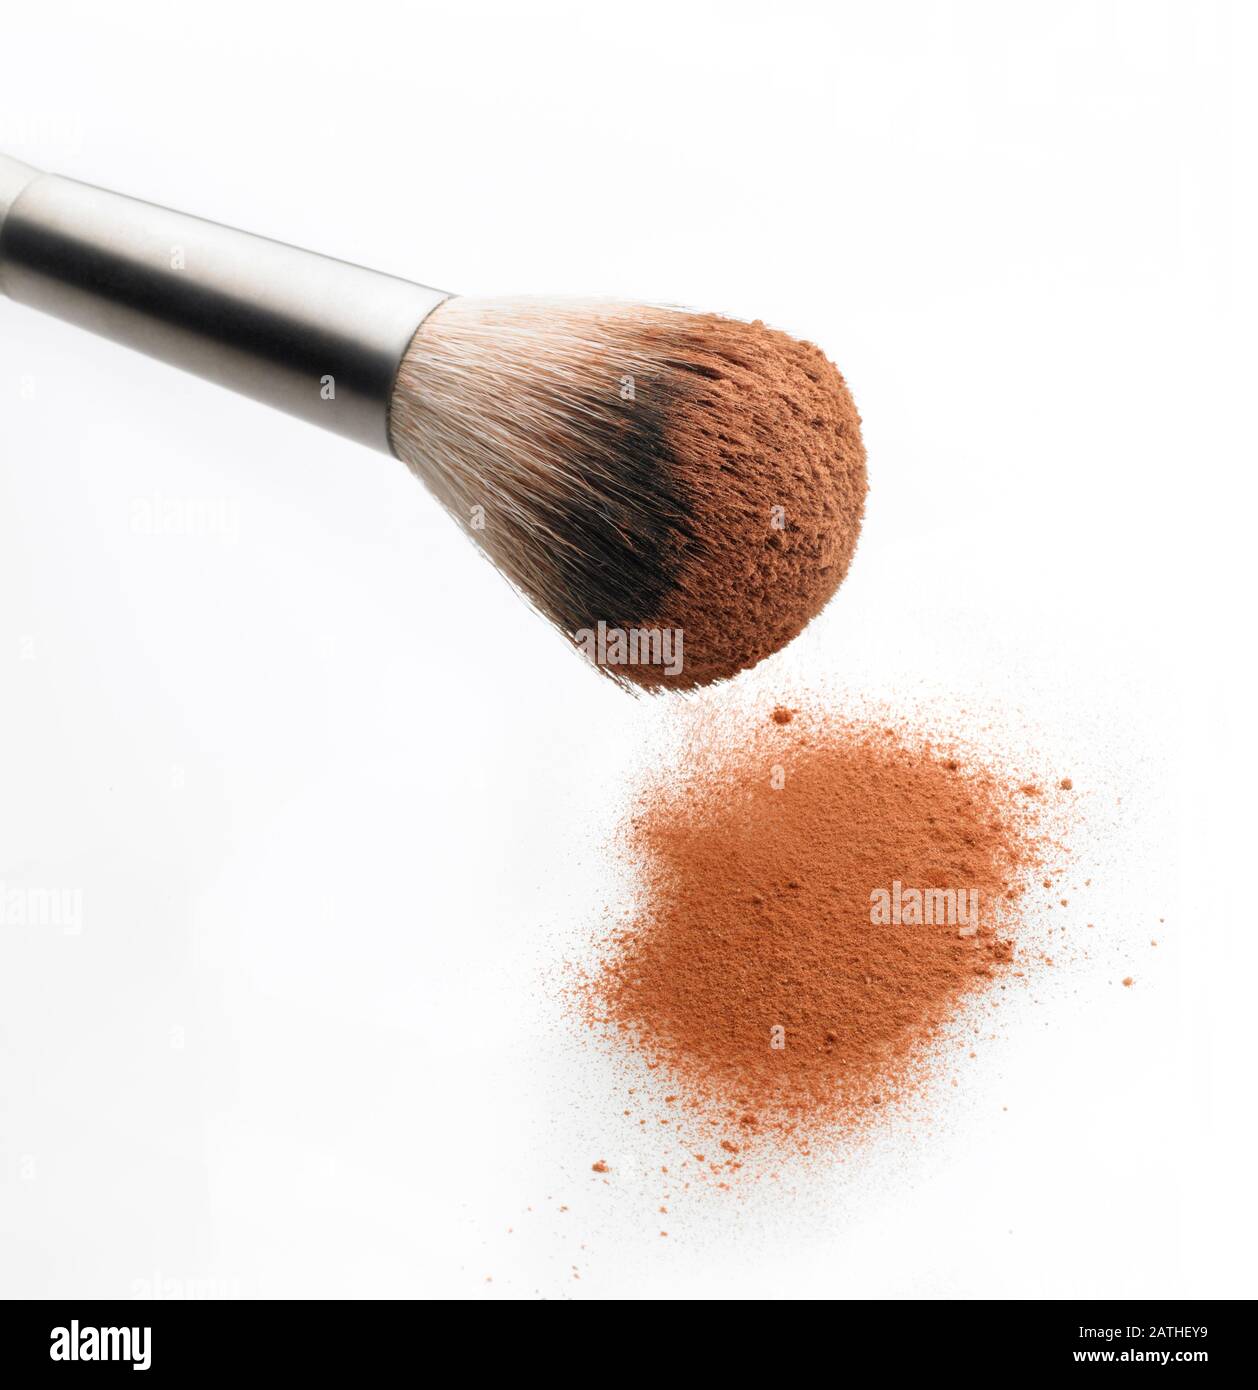 Close Up view of brush removing makeup powder from a pile. White background. Stock Photo
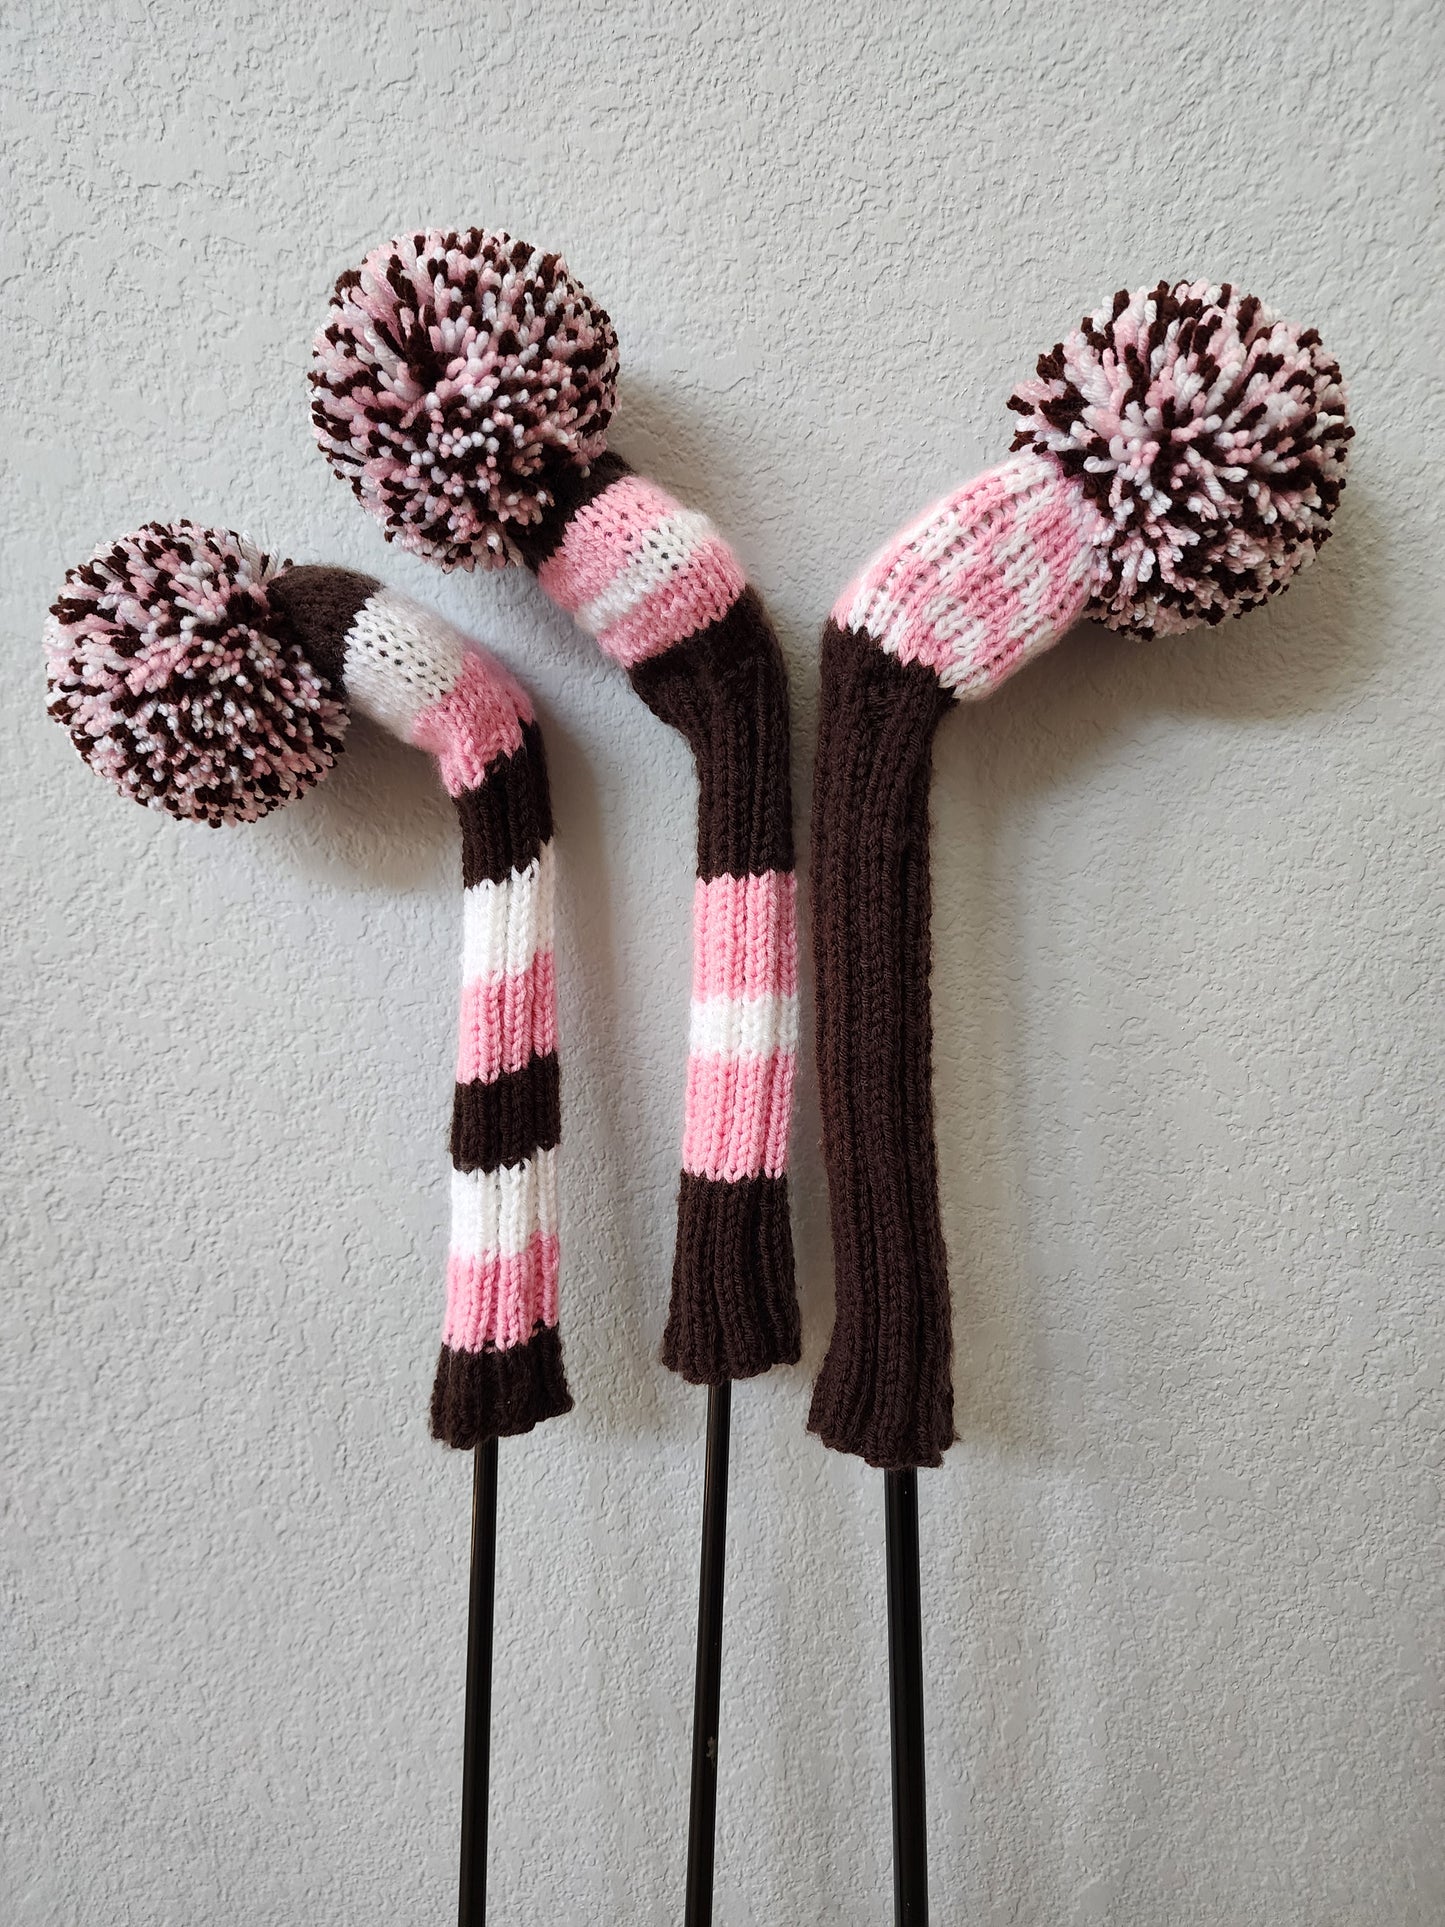 Golf Club Head Covers Set of 3 Retro-Vintage Brown, Pink & White with Pom Poms for Drivers, Woods
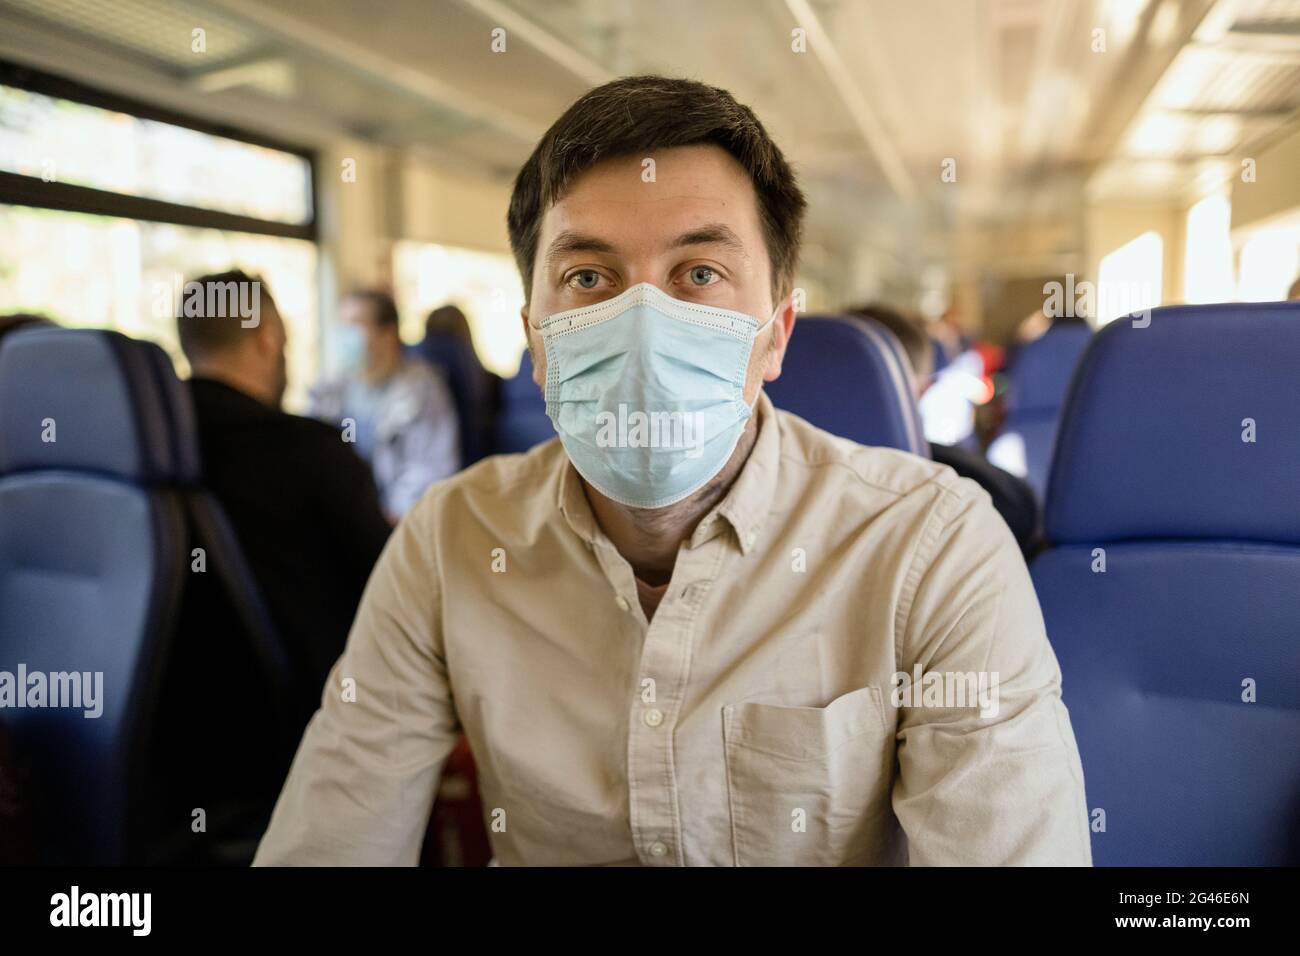 Male passenger wearing face mask during covid-19 lockdown inside train. New normal lifestyle concept. Social distancing when tra Stock Photo

■ Directions
Which lines fall between the one containing "Golf Club Head" and the last line of the listing, both included? Give them again exactly, without the pictures.

■ Response
 Golf Club Head Covers Set of 3 Retro-Vintage Brown, Pink & White with Pom Poms for Drivers, Woods
 Male passenger wearing face mask during covid-19 lockdown inside train. New normal lifestyle concept. Social distancing when tra Stock Photo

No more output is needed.